Digitized Evaluation of Femtosecond Laser–Assisted LASIK Flap Parameter, x and y Diameter, Thickness, and Opaque Bubble Layer Extent
Purpose
To determine the precision and accuracy of flap parameters (x and y diameter and thickness) in comparison to programmed settings as well as the extent of Opaque Bubble Layer (OBL) in femtosecond laser-assisted myopic LASIK. Comparative results between two centers.
Methods
Site-1 (US) 48 consecutive eyes (24 OD, 24 OS). Site-2 (GR), 36 consecutive eyes (16 OD, 20 OS). Flaps (programmed diameter 8.50-mm) were created with the FS200 femtosecond laser and were imaged digitally intra-operatively. Image processing by specially-developed software was employed to document flap diameter accuracy (vertical and horizontal) to the 100-μm sensitivity level, and OBL occurrence and extent as flap area percentage.
Additionally, 48 eyes from site-2 were investigated for 8.00-mm programmed flap diameter (24 OD, 24 OS) and central flap thickness (planned 110-μm) was measured in all site-2 eyes using anterior-segment OCT meridional scans acquired one-month postoperatively.
Results
For 8.50-mm programmed flaps: US site-1, horizontal diameter 8.44±0.02 (8.35-to-8.45) mm, vertical 8.32±0.05 (8.24-to-8.43) mm. OBL extent was 5.48±8.25 (0.00-to-26.64) % of flap area. GR site-2, horizontal diameter 8.43±0.03 (8.39-to-8.48) mm, vertical 8.43±0.03 (8.41-to-8.49) mm. OBL extent was 5.33±7.59 (0.00-to-26.44) % of flap area.

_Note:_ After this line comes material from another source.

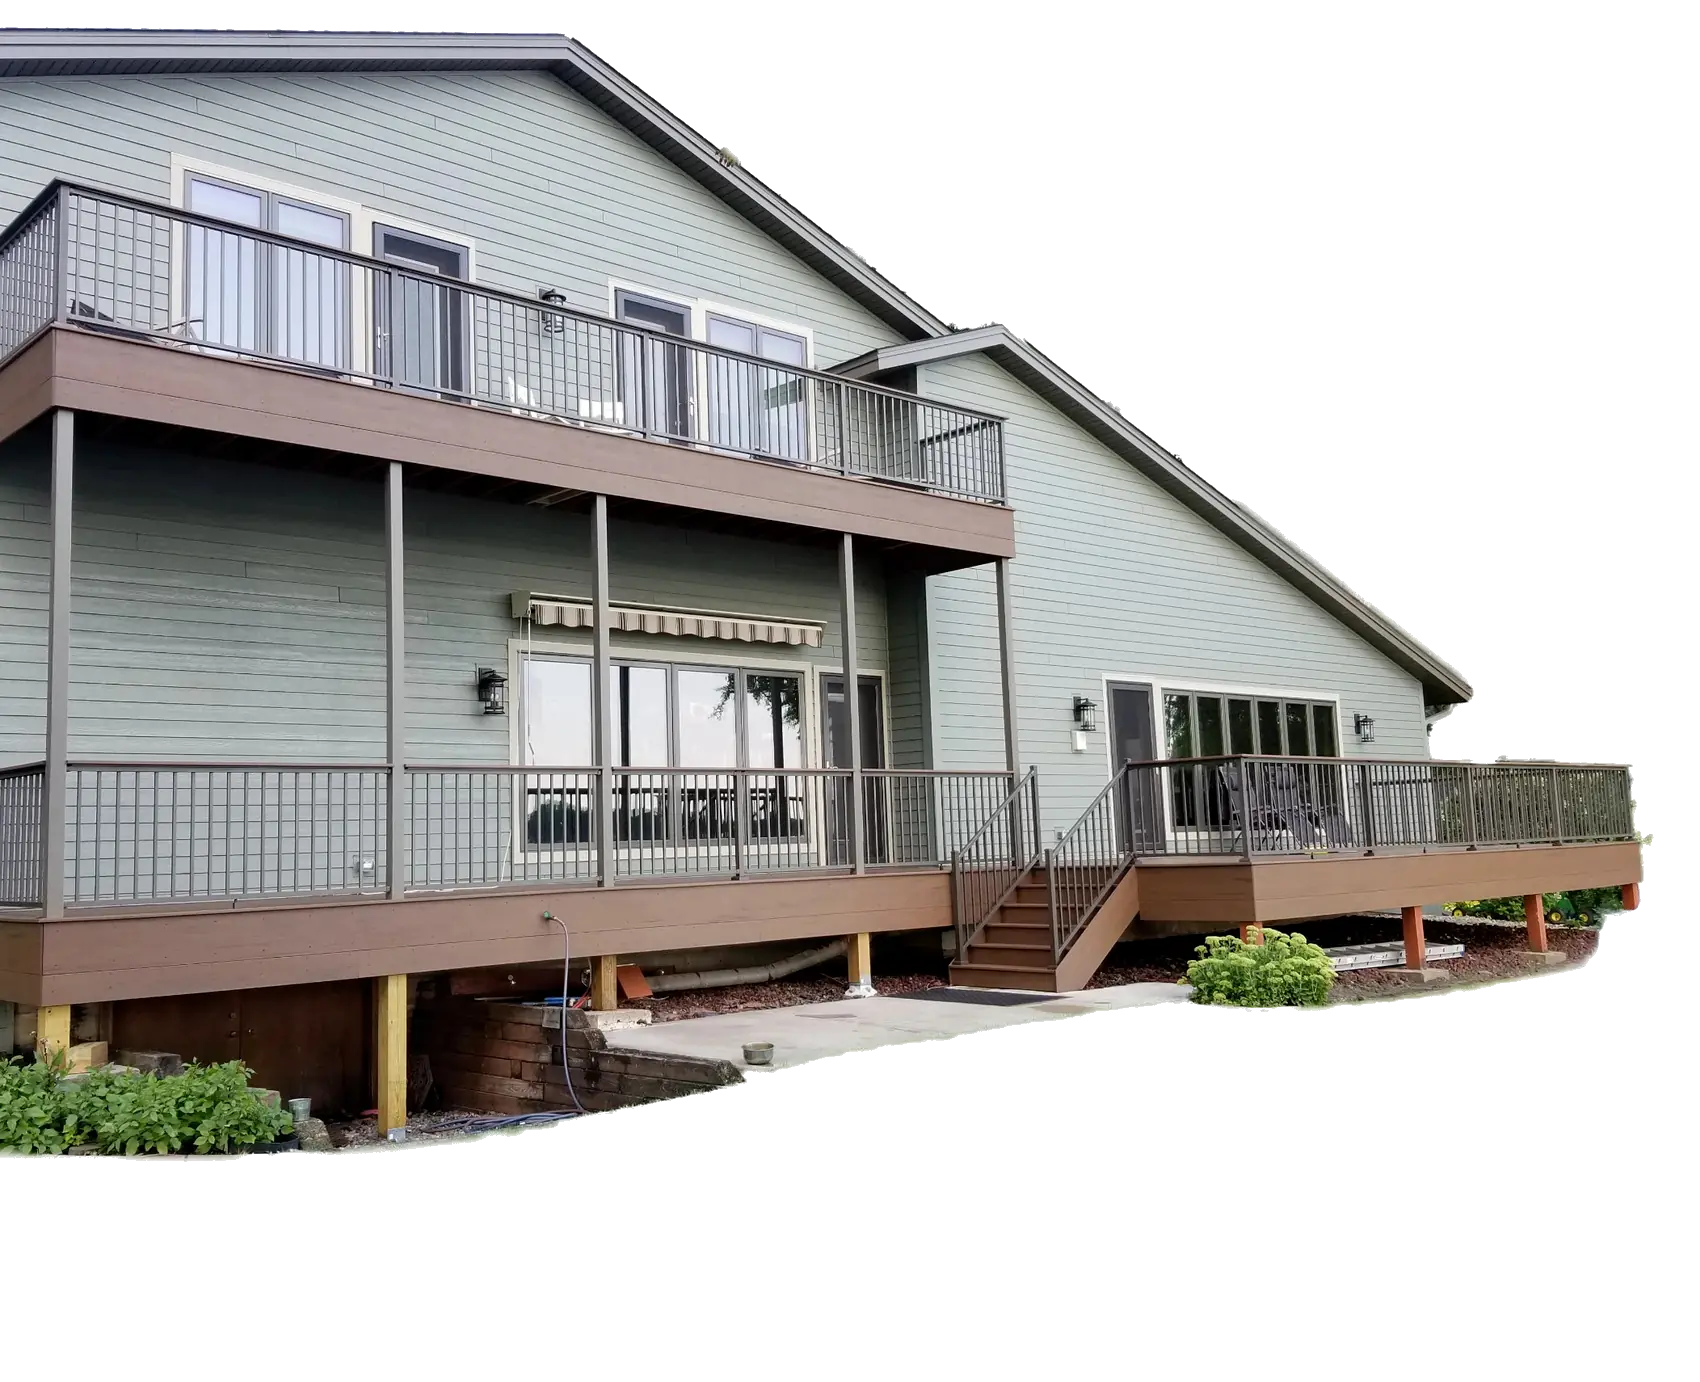 A 2 story home withe green siding and a balcony.

For 8.00-mm programmed flaps (only GR site-2): Horizontal diameter 7.87±0.02 (7.84-to-7.89) mm, vertical 7.84±0.02 (7.80-to-7.85) mm. OBL extent was 4.89±7.52 (0.00-to-22.64) % of flap area. For the 110-μm thickness programmed flaps (all 84 site-2 flaps): measured central thickness 113.54±1.39 (111-to- 119) μm. Intra-flap thickness variation was under 5 μm (1-4) in all cases.
Conclusion
This study documents and confirms using an objective digitized analysis, that FS200-created flaps demonstrate high precision, accuracy, and reproducibility. Revised treatment parameters (venting channel dimensions, spot separation and energy settings) may offer significant reduction of clinical OBL occurrence.